You haven’t heard from me in a while because I have been busy sewing like crazy for the first sales of my crafts in a local shop throughout June. I have been worried about not having enough stock and enough variety of stock available, so have been burning the candle at both ends trying to get through what I had planned months ago and fallen short of achieving.
I have ideas to do so much more in tartan but I’m surprised by how difficult it is to find good quality attractive, varied tartans in 100% cotton in the UK. The best (i.e. authentic) tartans are wool but I found wool too hard to work with. It frays easily and doesn’t hold creases, both of which is a nightmare when making tiny things using the English Paper Piecing technique. I have come across some tartans in polyester/cotton and perhaps I should try some of those. There are also some lovely ones available in brushed cotton which might be good for wintery, Christmassy designs. I do love working with cotton though, so I am sticking to a mixture of cotton tartans, when I can find them, and cotton plaids (checks and mock-tartans) which are more fashionable and therefore more readily available.

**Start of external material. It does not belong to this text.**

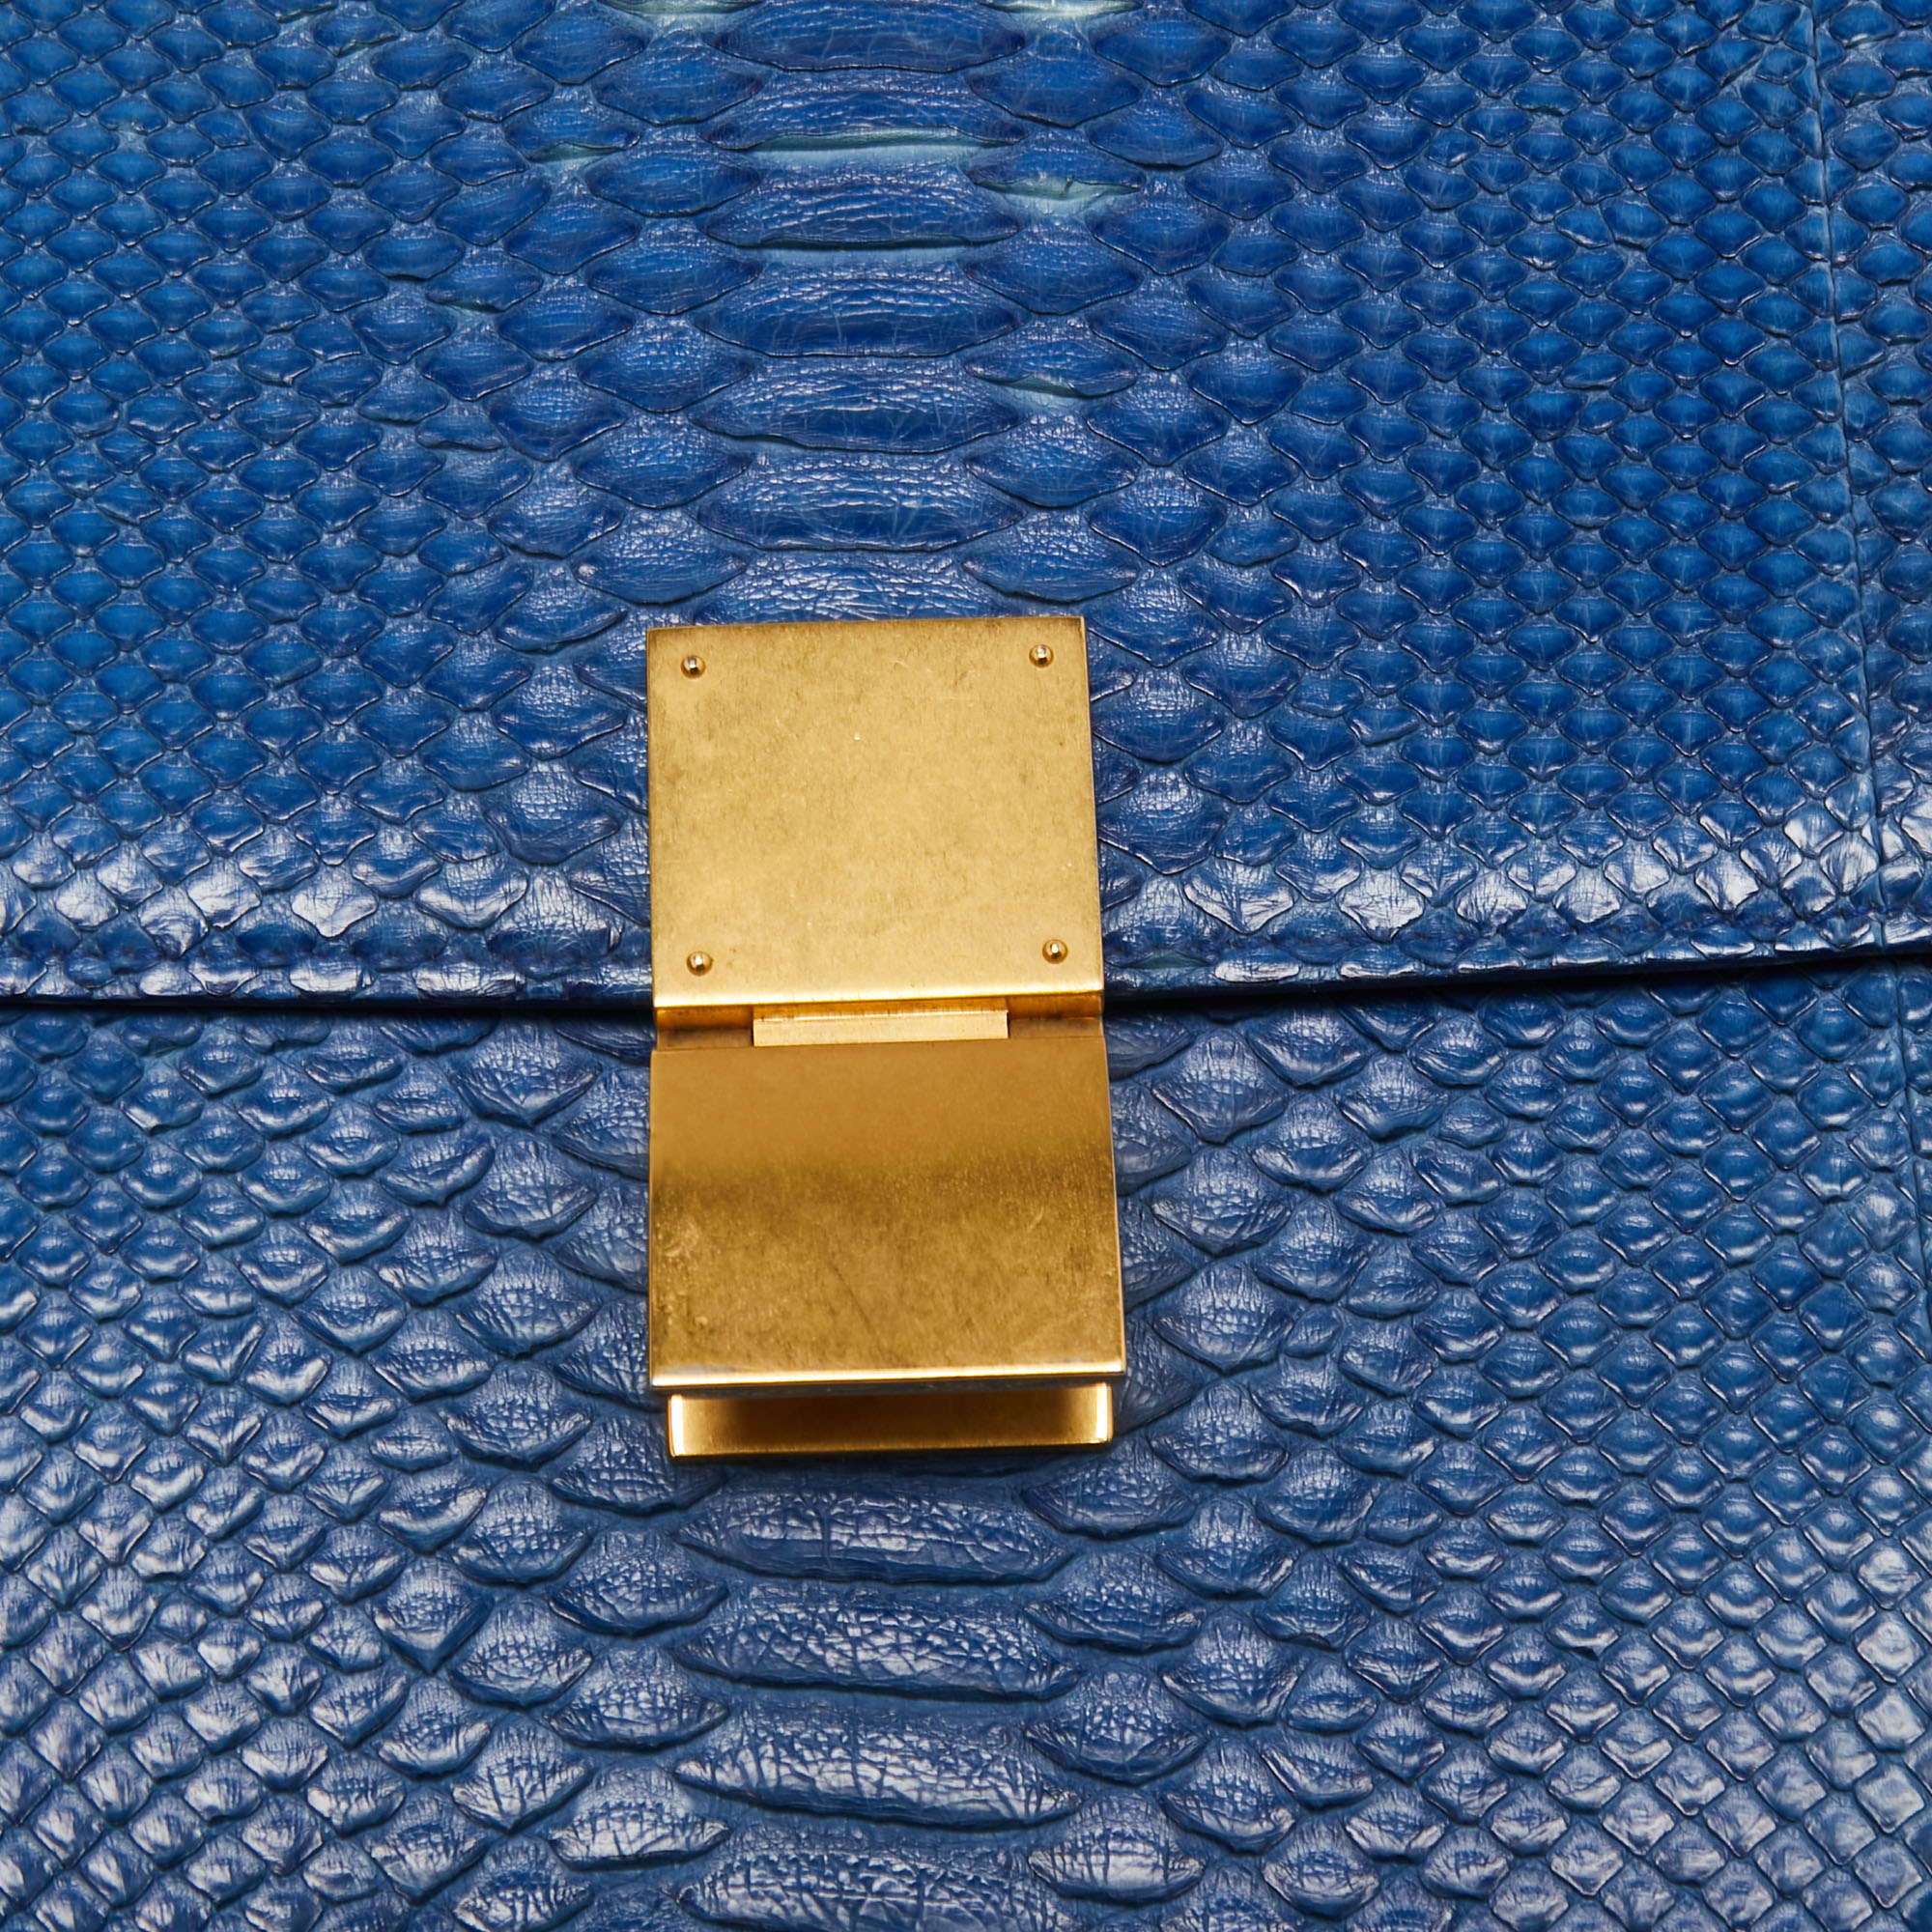 Celine Blue Python Large Classic Box Shoulder Bag

Tomorrow I am off to join in the last day of this year’s Spring Fling. Spring Fling is a contemporary visual art and craft event that ranges across Dumfries and Galloway here in South West Scotland throughout the bank holiday weekend each May. Close to a hundred artists and makers across the region open their studios to the public while a variety of art projects take place in various venues outside these as well. I look forward to it each year and try to cover a different set of studios and events. Last time I went west. This year I’m going east. Yesterday I went to a new local craft fair which is to be repeated at Christmas. Thinking it would be good to give this try as it was so close to home, I have booked myself in for a table at Christmas. Excited by this but also getting the “oh no, more manic sewing!” tremors too.
By the time my next post appears, all my little creations will be for sale in a shop and I do hope people will pop in and, whether they choose to buy or not, that they give me some useful feedback. When you first start out, you don’t know what people will like or would prefer to have. I guess you need quite a bit of time and experience before you figure that out. Anyway I hope to be able to tell you a bit about the experience and how it goes.